A brief history of Stephen Hawking’s blockbuster

nature16881-i2Elizabeth Leane writes in Nature about the extraordinary influence of the physicist’s first foray into popular-science publishing:

“As a publishing phenomenon, A Brief History of Time is not, as is sometimes claimed, unprecedented. There were nineteenth-century science blockbusters such as mathematician Mary Somerville’s 1834 On the Connexion of the Physical Sciences. And in 1930, physicist James Jeans’ The Mysterious Universe achieved a comparable reception to Hawking’s book; the jacket of the 1937 Pelican edition promotes it as “the famous book which upset tradition by making Science a bestseller”. Nor was Hawking writing in a vacuum. The 1970s and 1980s had seen a series of big-selling popular-physics books, from Fritjof Capra’s 1975 The Tao of Physics to Steven Weinberg’s 1977 The First Three Minutes, Carl Sagan’s Cosmos (1980) and James Gleick’s Chaos (1987). The sales of A Brief History, however, put even these best-sellers in the shade.”

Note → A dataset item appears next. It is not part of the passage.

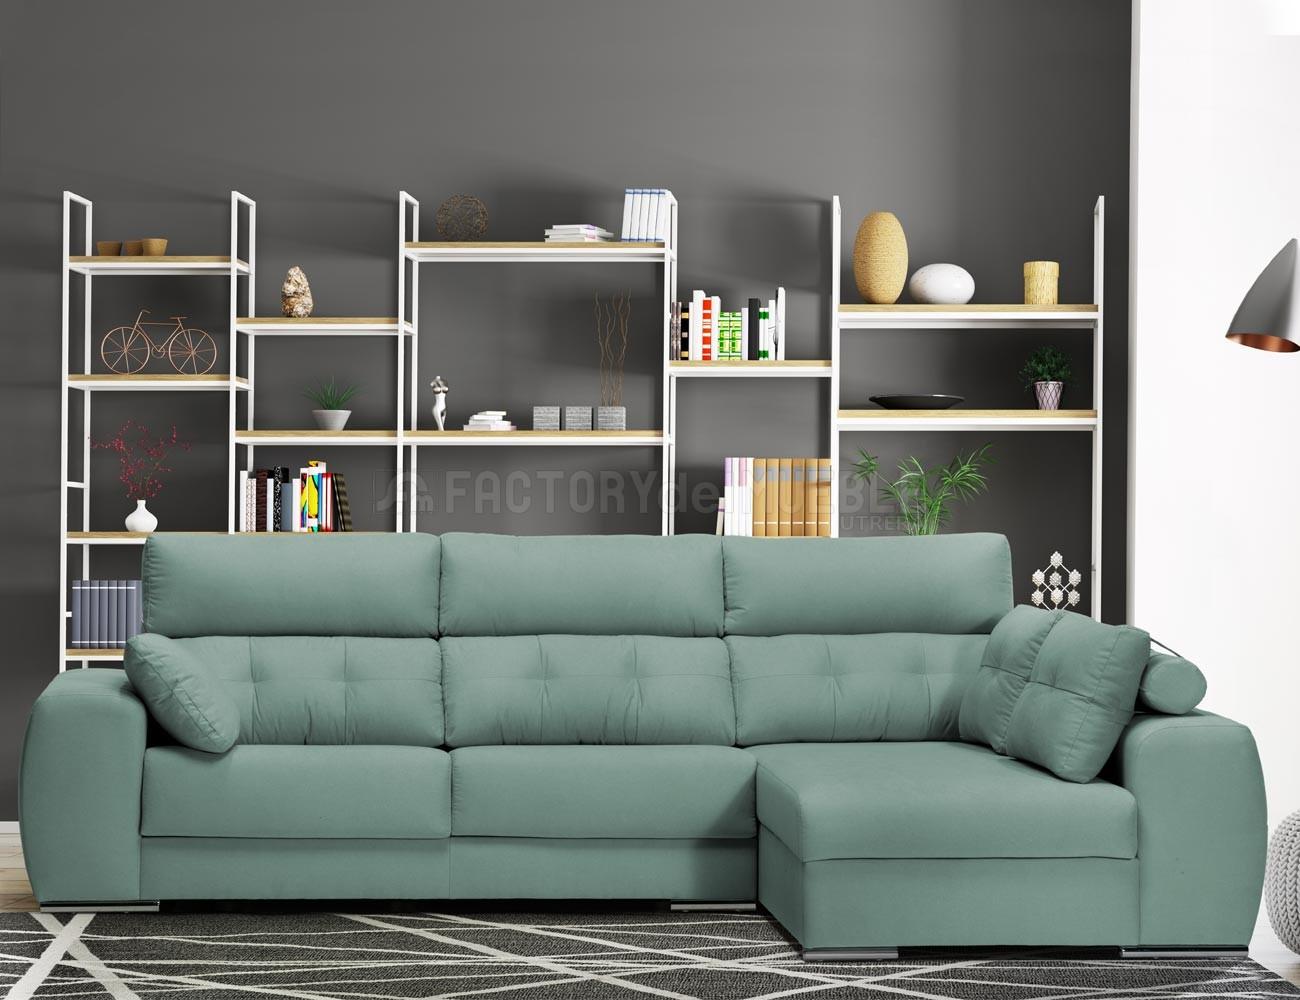 Sofa chaiselongue valetta

“Attempts to capitalize on the ‘Hawking phenomenon’ went hand in hand with speculations about the factors that led to it. Hawking was highly regarded in the physics community, and had been a minor celebrity to the general public even before his watershed book, appearing (for example) in Nigel Calder’s UK television series The Key to the Universe in the late 1970s. The disparity between the physical limitations of his disability and the cosmic scale of his ideas was part of his charisma. Few other popular-physics books of the period feature, as A Brief History does, a photograph of the author on the front.”